PROVIDED RECORDS:

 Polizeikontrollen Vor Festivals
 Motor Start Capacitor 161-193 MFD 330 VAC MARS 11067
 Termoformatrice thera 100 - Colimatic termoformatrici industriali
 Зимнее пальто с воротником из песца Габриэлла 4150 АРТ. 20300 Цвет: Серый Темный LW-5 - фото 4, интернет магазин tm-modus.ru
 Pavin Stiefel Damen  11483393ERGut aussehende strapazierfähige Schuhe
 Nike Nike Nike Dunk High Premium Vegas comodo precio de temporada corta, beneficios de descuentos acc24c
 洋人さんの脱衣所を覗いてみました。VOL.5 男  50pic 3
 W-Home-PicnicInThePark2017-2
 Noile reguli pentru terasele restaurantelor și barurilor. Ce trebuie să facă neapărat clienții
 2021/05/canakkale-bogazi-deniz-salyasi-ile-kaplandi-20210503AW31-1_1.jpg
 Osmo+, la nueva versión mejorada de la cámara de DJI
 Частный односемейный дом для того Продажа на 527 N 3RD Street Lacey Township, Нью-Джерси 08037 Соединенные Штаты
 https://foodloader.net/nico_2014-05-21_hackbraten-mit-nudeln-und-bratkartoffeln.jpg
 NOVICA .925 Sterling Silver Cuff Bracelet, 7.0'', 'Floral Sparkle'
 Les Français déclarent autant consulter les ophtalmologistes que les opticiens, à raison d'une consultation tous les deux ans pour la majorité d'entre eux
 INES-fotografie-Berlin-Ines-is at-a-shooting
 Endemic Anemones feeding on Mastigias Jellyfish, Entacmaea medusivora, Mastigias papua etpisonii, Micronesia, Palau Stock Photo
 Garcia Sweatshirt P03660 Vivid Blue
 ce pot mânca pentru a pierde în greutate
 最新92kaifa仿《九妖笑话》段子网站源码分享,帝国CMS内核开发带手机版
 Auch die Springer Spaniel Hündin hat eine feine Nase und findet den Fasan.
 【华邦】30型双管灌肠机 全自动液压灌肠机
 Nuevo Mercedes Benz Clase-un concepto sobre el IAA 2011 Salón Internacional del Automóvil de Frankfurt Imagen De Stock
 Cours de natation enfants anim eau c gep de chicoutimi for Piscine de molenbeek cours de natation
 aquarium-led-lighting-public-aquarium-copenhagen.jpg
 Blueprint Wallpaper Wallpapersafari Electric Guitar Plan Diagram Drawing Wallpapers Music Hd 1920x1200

WHAT YOU SHOULD DO:
Return each line of the entries that holds the string "pentru".

SOLVED EXERCISE:
 Noile reguli pentru terasele restaurantelor și barurilor. Ce trebuie să facă neapărat clienții
 ce pot mânca pentru a pierde în greutate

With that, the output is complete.